Now your app doesn't have direct access to your stripe/github/aws/whatever keys (which is good!) but you still need to have _some_ authentication against your proxy.
If you have a per-app authentication, then if your app's key leaks, then whoever uses it will be able to reach all the external services your app can, i.e. with one key you lose everything. On the other hand, if you have per-endpoint authentication, then you didn't really solve anything, you still have to manage X secrets.
Even worse, from the perspective of the team who owns and runs the proxy, chances are you are going to use per-app AND per-endpoint authentication, because this will allow you to revoke bad keys without breaking everyone else, etc.
What this really solves is subscription management for (big?) organisations.
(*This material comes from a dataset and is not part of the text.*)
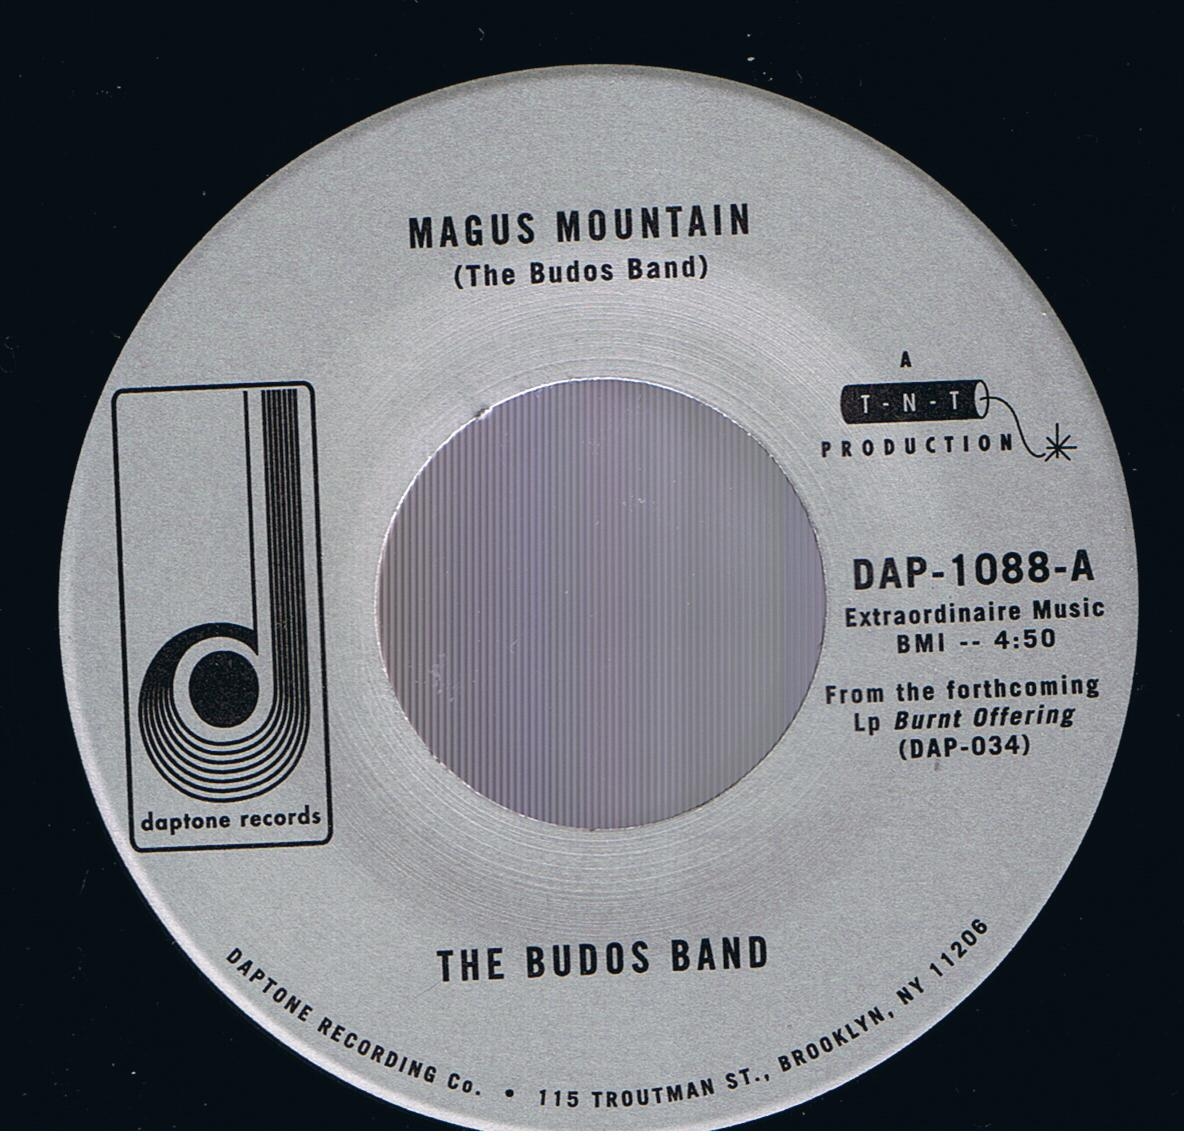 The Budos Band - Magus Mountain / The Budos Band - Vertigo (7")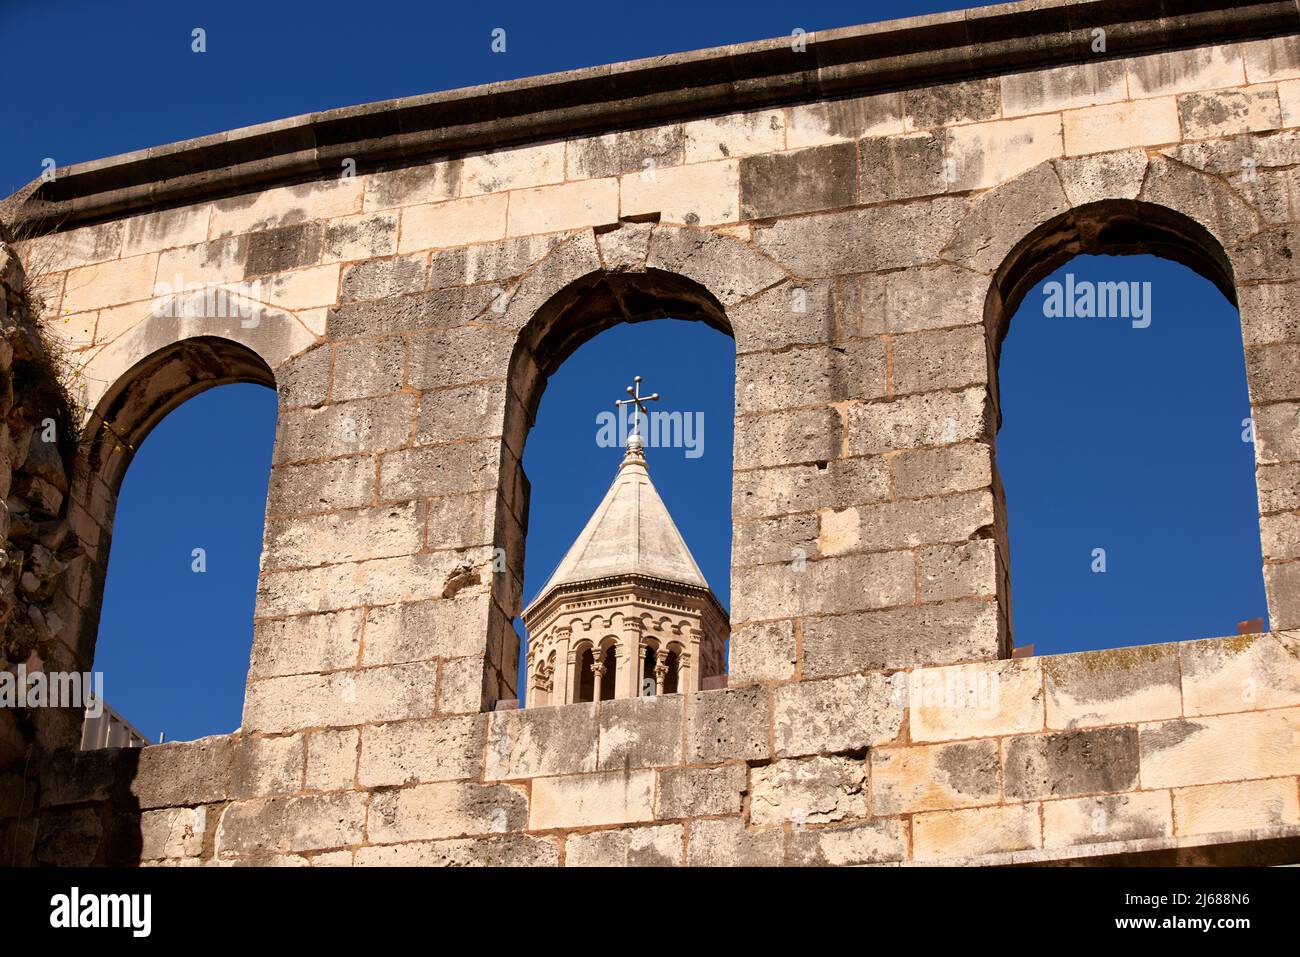 La ville de Split en Croatie dans la région de Dalmatie, site touristique de la cathédrale Saint Domnius Banque D'Images

Now that you have a proxy, you only need a single key to talk to <external-service>, no need to have to manage subscriptions, user onboarding and offboarding, etc. You just need to negotiate ratelimits.
For the integrations that aren't GitHub-style OAuth Apps, where upstream just ships a long-lived API key and someone still has to rotate it, how are you planning to handle the refresh lifecycle on the exe.dev side? Is that declared per-integration, or is the proxy expected to notice 401s and pull a fresh credential from somewhere upstream?
an 'mitm' tls proxy also gives you much better firewalling capabilities [1], not that firewalls aren't inherently leaky,
codex's a 'wildcard' based one [2]; hence "easy" to bypass [3] github's list is slightly better [4] but ymmv
[1] than a rudimentary "allow based on nslookup $host" we're seeing on new sandboxes popping up, esp. when the backing server may have other hosts.
[2] https://developers.openai.com/codex/cloud/internet-access#co...
[3] https://embracethered.com/blog/posts/2025/chatgpt-codex-remo...
[4] https://docs.github.com/en/copilot/reference/copilot-allowli...
You may not want to be doing this at the edge.